J. Marlin Ernst & Sons trucking is still in business in the Pinedale section of West Brunswick Township. It’s run by Keith’s Ernst’s brother, Terry. Keith Ernst, who’s retired, began collecting trucks about 50 years ago.

“I thought it would be neat to work on trucks like my grandfather did,” he said, referring to John J. Ernst’s Gulf station in Deer Lake.

During a recent interview, Keith Ernst said there were once about 30 truck builders in Pennsylvania. Reading, Allentown and Scranton all had truck manufacturing plants. One of his favorites is a rare 1920 Vim huckster truck built in Philadelphia. Another prized possession is the 1938 Hahn fire truck, built in Hamburg, that was once in service at Good Will Hose Co. in Cressona. It has a distinctive grille whose shape resembles a butterfly.

In addition to being an authority on the mechanics and body work of old trucks, Ernst also knows a lot about their history. A partnership formed by Jack Mack and Roland Carr built Maccar trucks in Scranton. Jack Mack and his brother, Gus, were the founders of Mack Trucks in Allentown. Ernst has a 1921 Maccar in his collection.

A 1928 chain-drive International Harvester dump truck in his collection, Ernst said, worked on the building of the Boulder Dam on the Colorado River. It was powered by a McCormick-Deere tractor engine, he said. An old Selden truck, built in Allentown, harbors a backstory that figured in the development of the American automotive industry.

Before he built trucks, George B. Selden, a New Yorker, patented a combustion engine and enforced it on burgeoning auto manufacturers across the country.

In 1903, Selden filed a patent infringement lawsuit against none other than Henry Ford, the founder of Ford Motor Co. It took about eight years, but Ford finally won. In the process Henry Ford became a household name at a time when his Model T Ford was changing the American auto landscape.

Ernst has large framed photos of Ford’s Model A, which was introduced in 1928. He believes they once were in the windows of Morrison Motors, an Orwigsburg Ford dealership.

Model A’s were in such demand that smaller dealers like Morrison couldn’t get showroom models, Ernst said. Instead, dealers put photos of the car in the showroom window.

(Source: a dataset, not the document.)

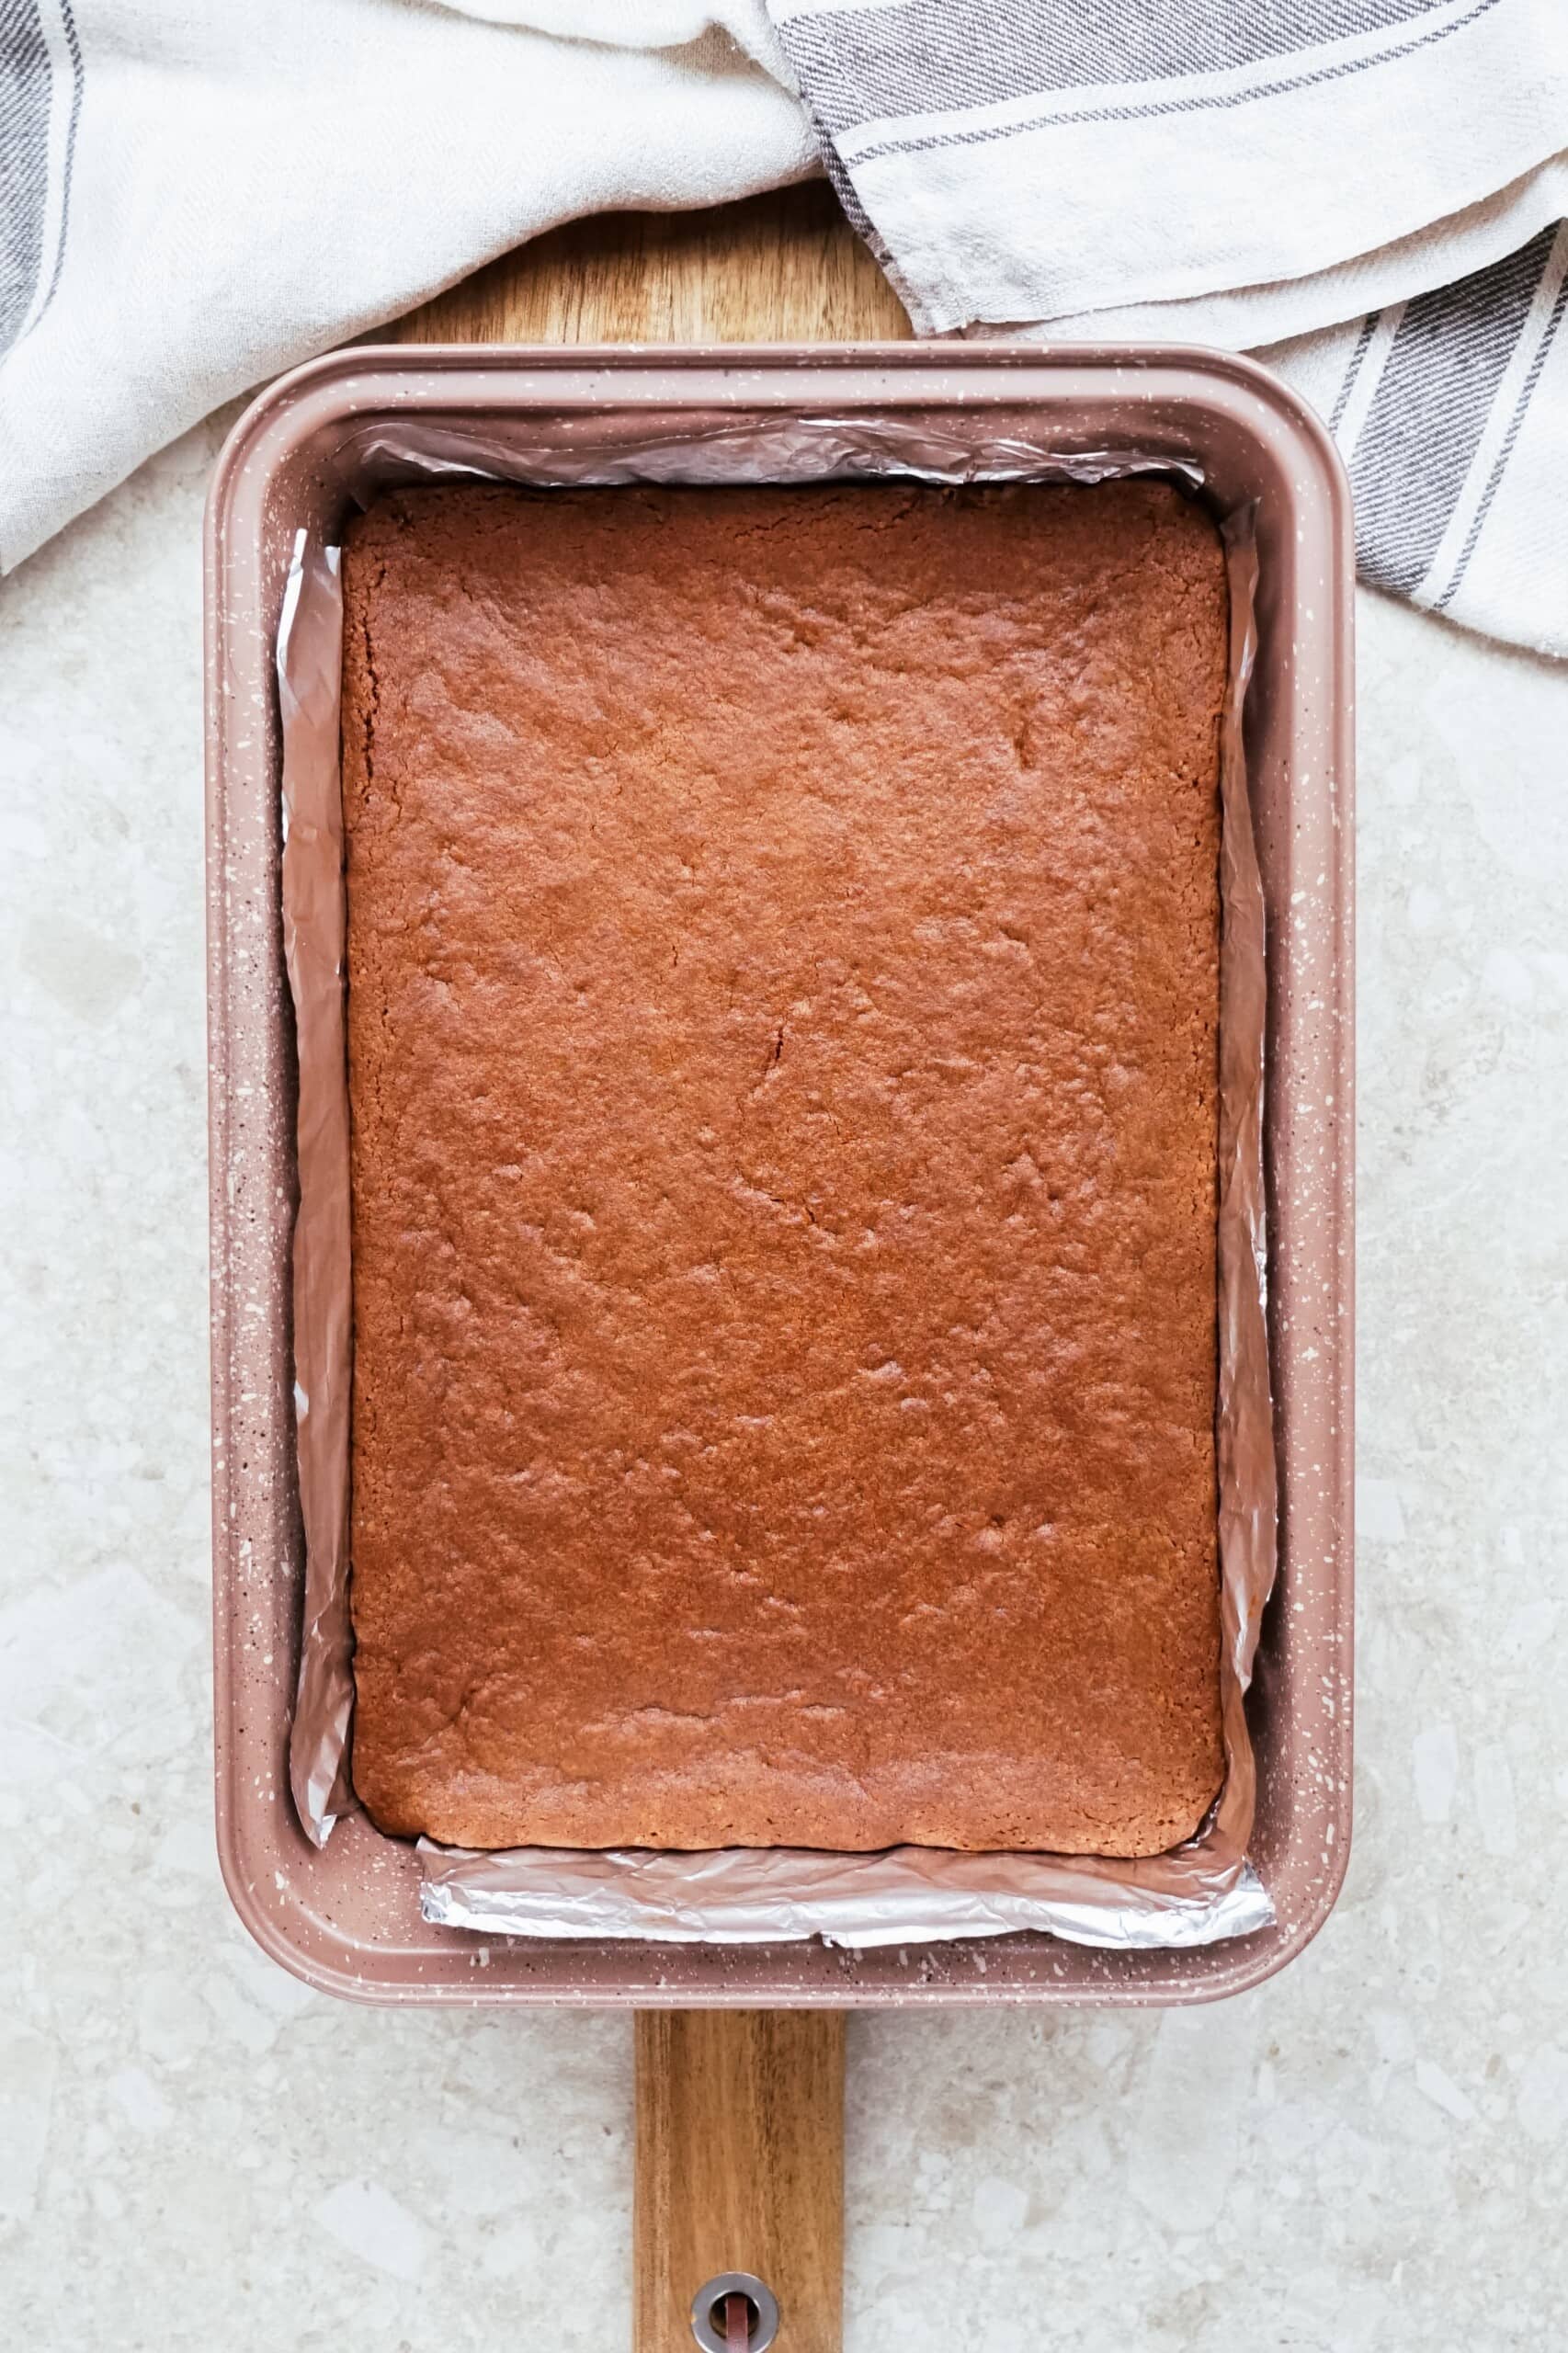 baked gingerbread bars in pan

It’s well known that Pierce-Arrow built some of America’s finest luxury cars in the first four decades of the 20th century. What’s not as well known is that the Buffalo, N.Y., company also made trucks.

Ernst has a 1928 Pierce-Arrow Model H-B, a 5-ton dump truck, in his collection. It sold for around $3,500, and included innovative dual valves, dual ignition and shock absorbers on its front bumpers.

Perhaps its most amazing feature was an early form of turn signals. The driver pulled a lever, and a panel mounted on the rear of the cab flipped out to show the direction of the turn.